The allotaxonometer was met with a welcome reception, having been cited 25 times in two years and eliciting positive comments from reviewers when used in papers e.g. “The unigram distribution analysis is thorough and instructive, some of the methodology (using rank-turbulence-divergence) was not familiar to me but seems like a good tool for the task.” Generally this type of visualization seems like it could be widely used in a number of disciplines and industries. Even within one use case, analysis of two corpora of textual data, the applications are many. Consider how often people use word clouds or tree-maps. A non-trivial percentage of those visualizations would be better analyzed with an allotaxonograph.
The current iteration of the allotaxonometer has a number of barriers preventing its widespread use. Most importantly, the version which produces the sharpest visualization is implemented only in Matlab, and while the code for this use is open source, adapting that code for use on a users data of interest requires manually editing Matlab code, which can be daunting or perceived as impossible for many potential end-users.
The potential widespread applicability of this tool for use with large quantities of textual data is of special interest to all members of this project, as we are all heavily considering exploring the industry side of computational social science in our careers in the next decade, and having an open-source widely-used tool on our resumes and featured on our personal websites would be a boon for our hireability in an industry position that might use such a in an industry position that might use such a tool.
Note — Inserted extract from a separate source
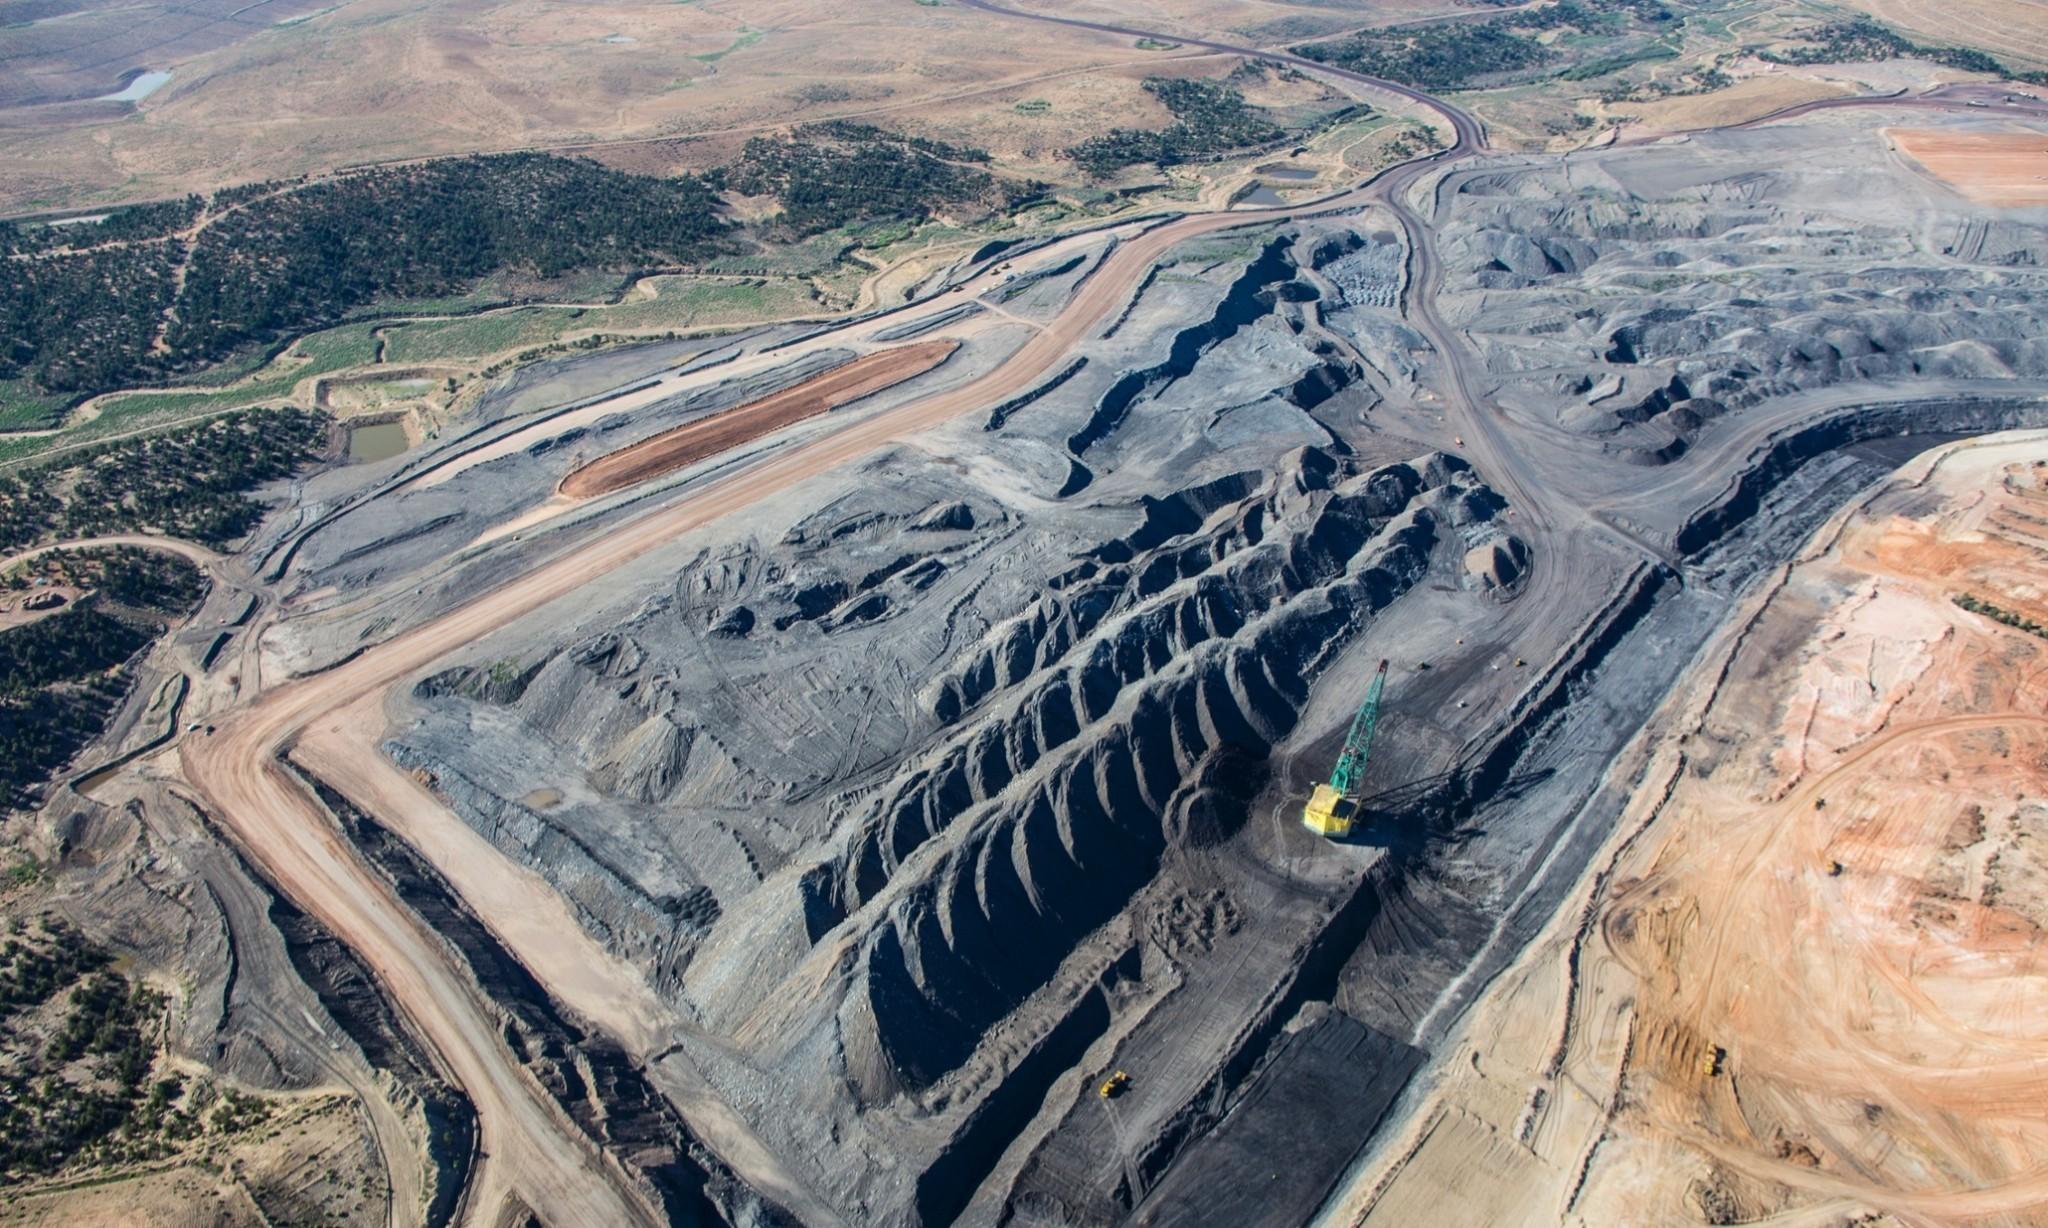 Black Mesa mines: Native Americans demand return of their ancestors' bones

We see making the Allotaxonometer in a more common language and adding interactivity and functionality a way to increase its lifespan and advance research using it as a tool.
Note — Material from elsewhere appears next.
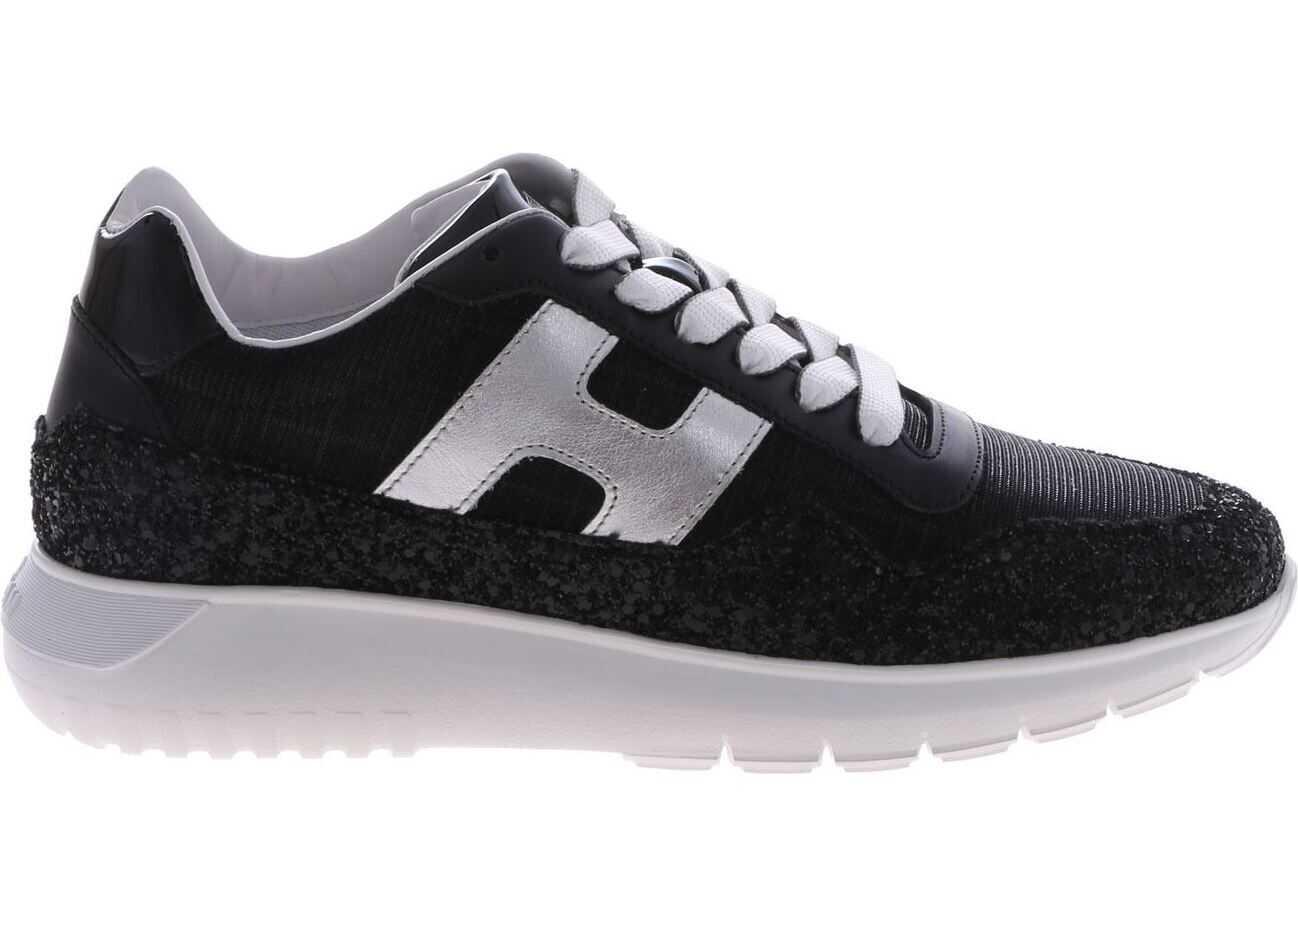 Hogan H371 Interactive 3 Sneakers In Black Black

Translate the Allotaxonometer from Matlab to Java Script D3 – The diamond plot which is the backbone of the allotaxonograph instrument. Getting this figure right means that we can trust our source-code. We can build the diamond plot for the first and most basic rank-turbulence metric.
Accept multiple data formats – Cover multiple cases for how the data might be formatted as if-else trees such that if the data is formatted in one of some number of likely formattings, the code will work without error. This would be in opposition to having only one required formatting and throwing (descriptive) errors when the user-entered data does not follow that formatting
Provide details README documentation – Including Environment Requirements, Basic Actions one can do, List of Troubleshooting Q&A, Description of the exact format the tool expects the data to come in, Definitions and troubleshooting for descriptive errors if the data comes in a different format than expected, History of the Project, Roadmap of Future Features and ways for the community to engage to help
Add Interactivity/animation – User Drag Timeline to Compare Dist at different time points and User enter Alpha value for interactivity, Drag and Drop Utility for data, If we achieve our stretch goal of including interactive tunable changing figures as we move the distributions across one axis of a multidimensional table (e.g. many different years of 1-gram distributions) then we would want a dataset that consists of some number of distributions exceeding 2 (as the pairs have) where each distribution corresponds to a year (or other consistent time period or other type of axis such as species distributions in elevation). If we do get there then an obvious example case is the baby names data, but where we have all of the distributions from 1968 to 2021.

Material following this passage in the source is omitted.